WHAT TO WORK ON →
The line containing "Chanel Spring 2005" marks where to begin; quote it and every line after it through the end of the data, exactly as written.
______
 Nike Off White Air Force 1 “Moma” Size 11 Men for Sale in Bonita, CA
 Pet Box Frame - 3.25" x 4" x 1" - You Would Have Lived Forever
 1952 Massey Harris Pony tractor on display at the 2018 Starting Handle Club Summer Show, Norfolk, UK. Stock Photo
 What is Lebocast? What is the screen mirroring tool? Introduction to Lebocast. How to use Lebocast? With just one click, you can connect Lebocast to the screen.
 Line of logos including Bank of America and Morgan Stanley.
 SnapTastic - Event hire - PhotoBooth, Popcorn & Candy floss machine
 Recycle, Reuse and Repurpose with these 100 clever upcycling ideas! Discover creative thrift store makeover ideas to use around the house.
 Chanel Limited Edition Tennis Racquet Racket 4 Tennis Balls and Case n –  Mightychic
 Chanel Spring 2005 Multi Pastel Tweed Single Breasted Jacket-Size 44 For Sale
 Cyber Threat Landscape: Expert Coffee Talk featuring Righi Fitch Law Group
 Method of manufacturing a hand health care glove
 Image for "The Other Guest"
______
EXERCISE SOLUTION →
 Chanel Spring 2005 Multi Pastel Tweed Single Breasted Jacket-Size 44 For Sale
 Cyber Threat Landscape: Expert Coffee Talk featuring Righi Fitch Law Group
 Method of manufacturing a hand health care glove
 Image for "The Other Guest"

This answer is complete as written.